Trump appealed Mehta’s ruling, arguing that his status as president should prevent any civil lawsuit against him. In a filing last year, Trump argued that Mehta’s conclusion that the former president could face suit was improperly based on precedents that deal with other issues, such as presidential actions before a term began and those relating to other executive branch officials.

Dozens of outside experts and groups have weighed in on the case, including former White House and Justice Department officials who said the president’s immunity should not extend to Trump’s actions.

The Justice Department compared the president’s absolute immunity from these lawsuits to the First Amendment’s protections for speech.

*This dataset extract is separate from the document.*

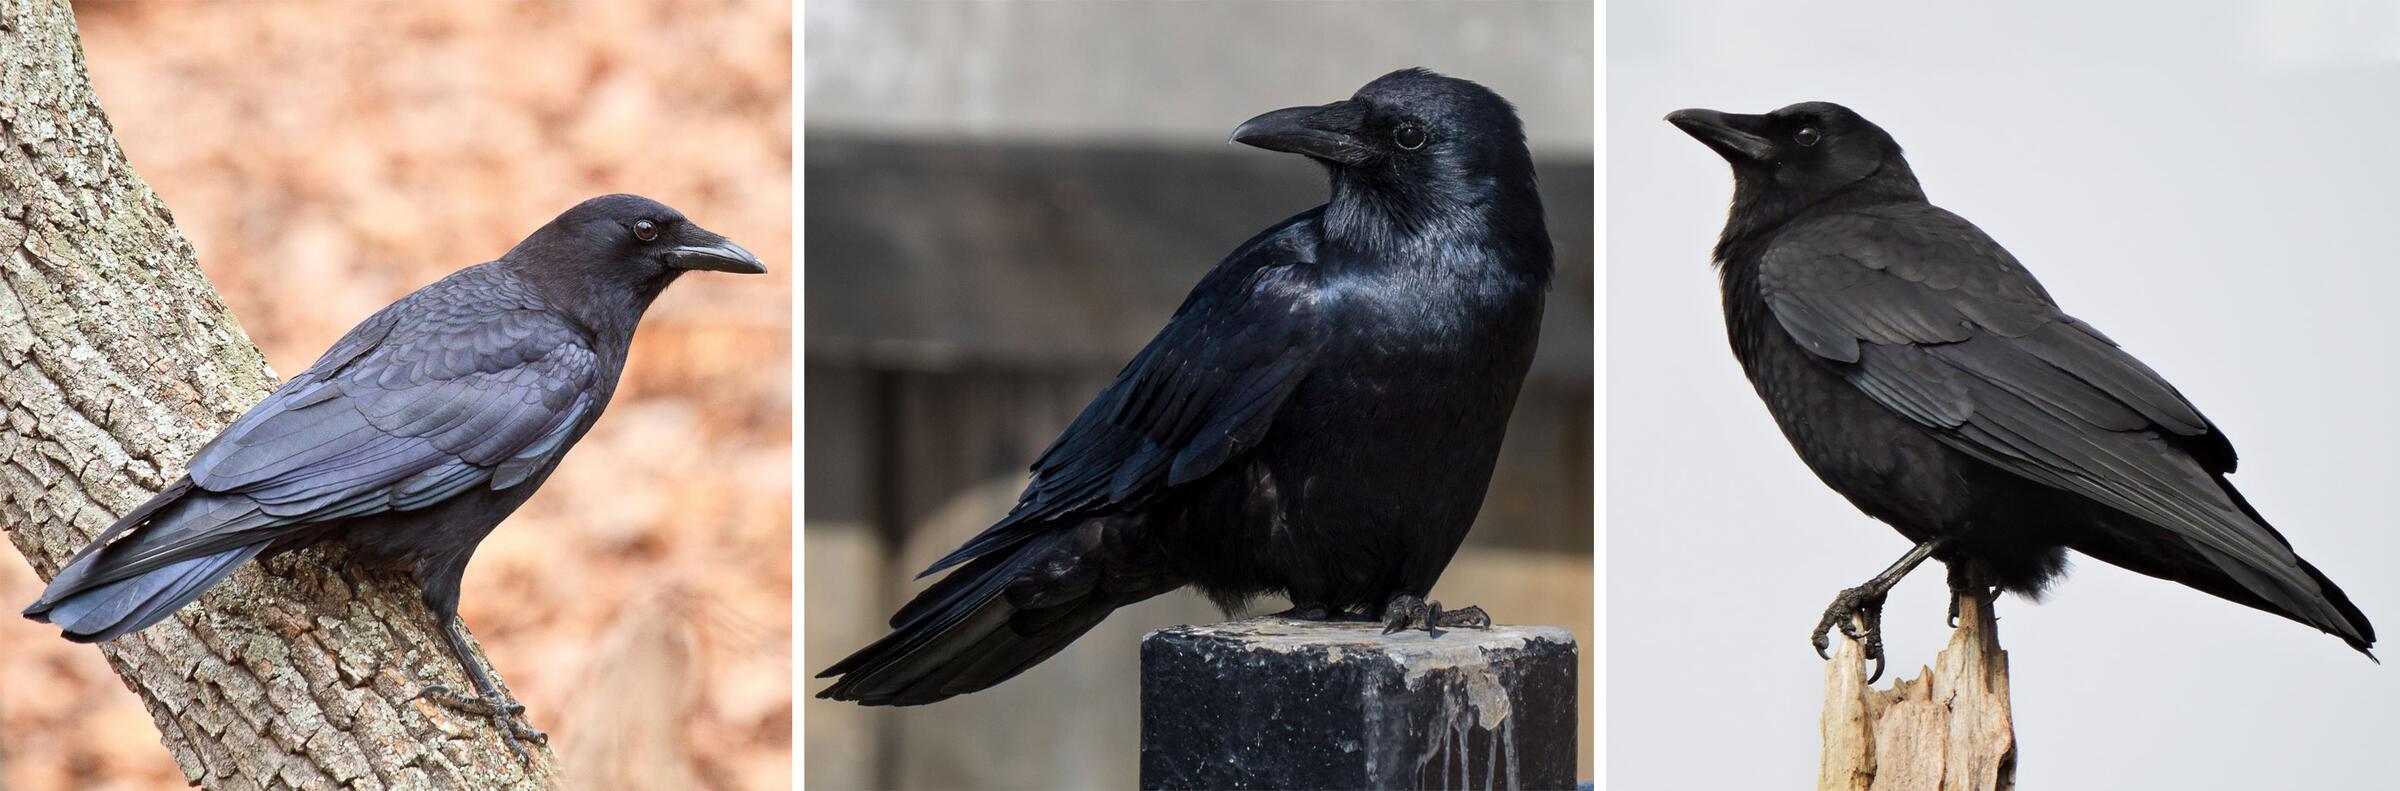 From left: American Crow. Photo: Paul Powers/Great Backyard Bird Count; Fish Crow. Photo: RW Sinclair/Flickr (CC BY-NC-SA 2.0); Northwestern Crow. Photo: Meryle Ardagh/Great Backyard Bird Count

There should be similar limits to those protections when related to inciting violence, and that would not cause a chilling effect on the ability of future presidents to run the government, DOJ argued.

“Just as denying First Amendment protection to incitement does not unduly chill speech in general, denying absolute immunity to incitement of imminent private violence should not unduly chill the President in the performance of his traditional function of speaking to the public on matters of public concern,” the brief said.

The DOJ also dove into the district court’s opinion in Thursday’s filing, agreeing that Mehta properly dismissed claims that Trump “improperly failed to exercise his official powers” to stop the attack, but taking no position on the finding that Trump’s speech could have plausibly incited the attack.